5333 private links
A left-leaning New York think tank sounded a familiar warning about Arizona’s “voter suppression bills” being “dangerously close to becoming law.”
The Brennan Center for Justice added in a press release that Arizona was “taking center stage in the relentless effort to rein in voter participation in the name of ‘election security.’” Pending bills, the think tank claimed, were “aimed at making voting by mail harder.”
That was in April 2021, before Arizona passed several reform measures that state legislators said they crafted to ensure secure and honest elections.
Little more than a year later, in August 2022, Arizona notched a record for high turnout in a primary election as 1.45 million voters participated, or 35.1% of those registered, surpassing the previous record in a 2000 primary by 7,000 ballots.
Voter turnout in Arizona for 2018, the last primary in a non-presidential election year, was 1.2 million voters, or 33.4%.
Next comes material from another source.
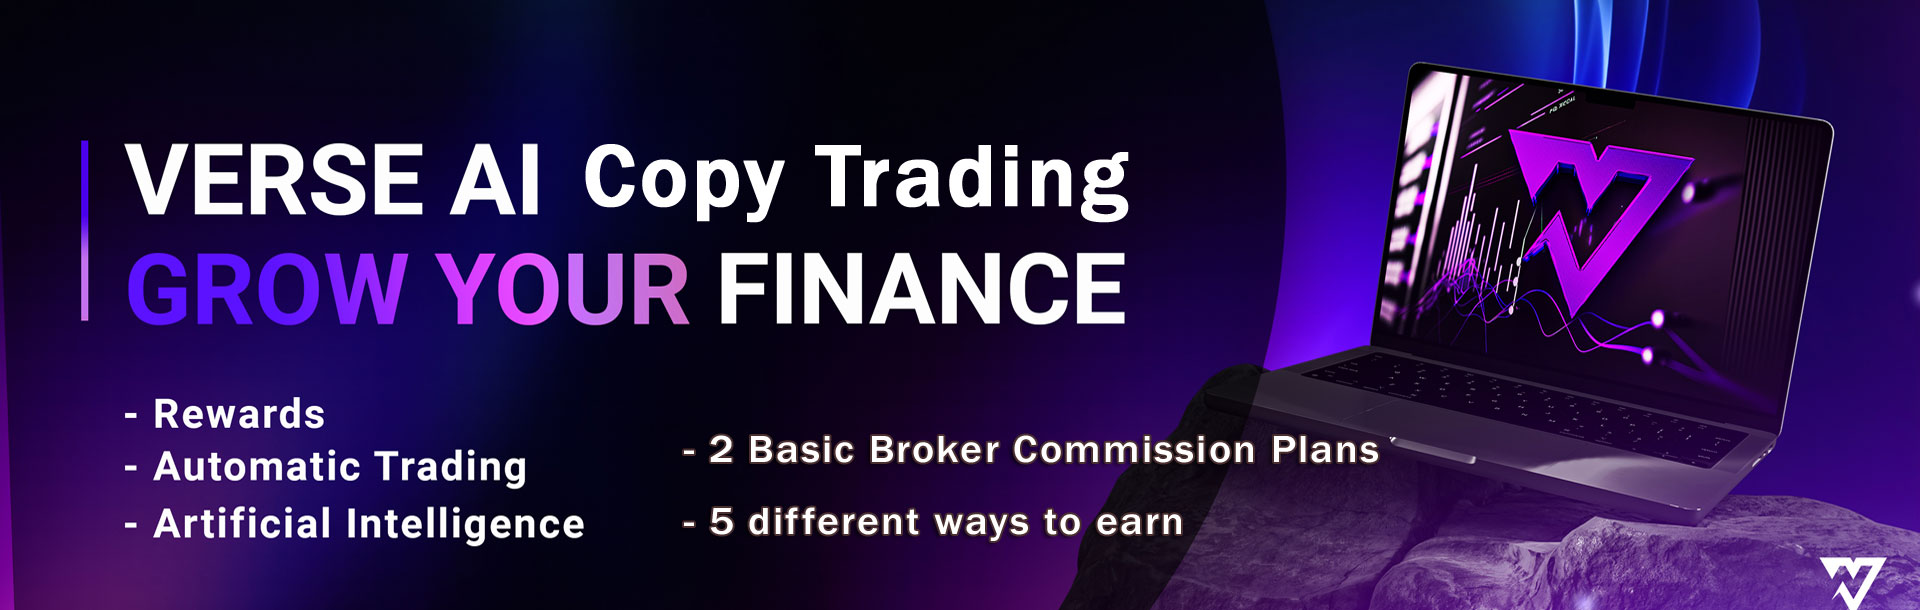 Verse Corp Forex Copy Trading

In 2021, Democrats and pundits attacked election reform laws enacted in 19 states as attempts at “voter suppression.” The five states that appeared to come under the most attack were Georgia, Texas, Arizona, Florida, and Iowa—all of which saw boosted voter turnout so far in 2022 compared to the 2018 primaries.
As a rule, non-presidential elections and primary elections attract lower turnout than presidential elections or general elections.
But voter turnout was significantly higher in the 2022 primaries in Georgia, Texas, and Arizona and nominally higher in Florida than in the comparable 2018 primaries.
So new election laws in these states did a lousy job of suppressing the vote, if that’s what Republican lawmakers designed them to do.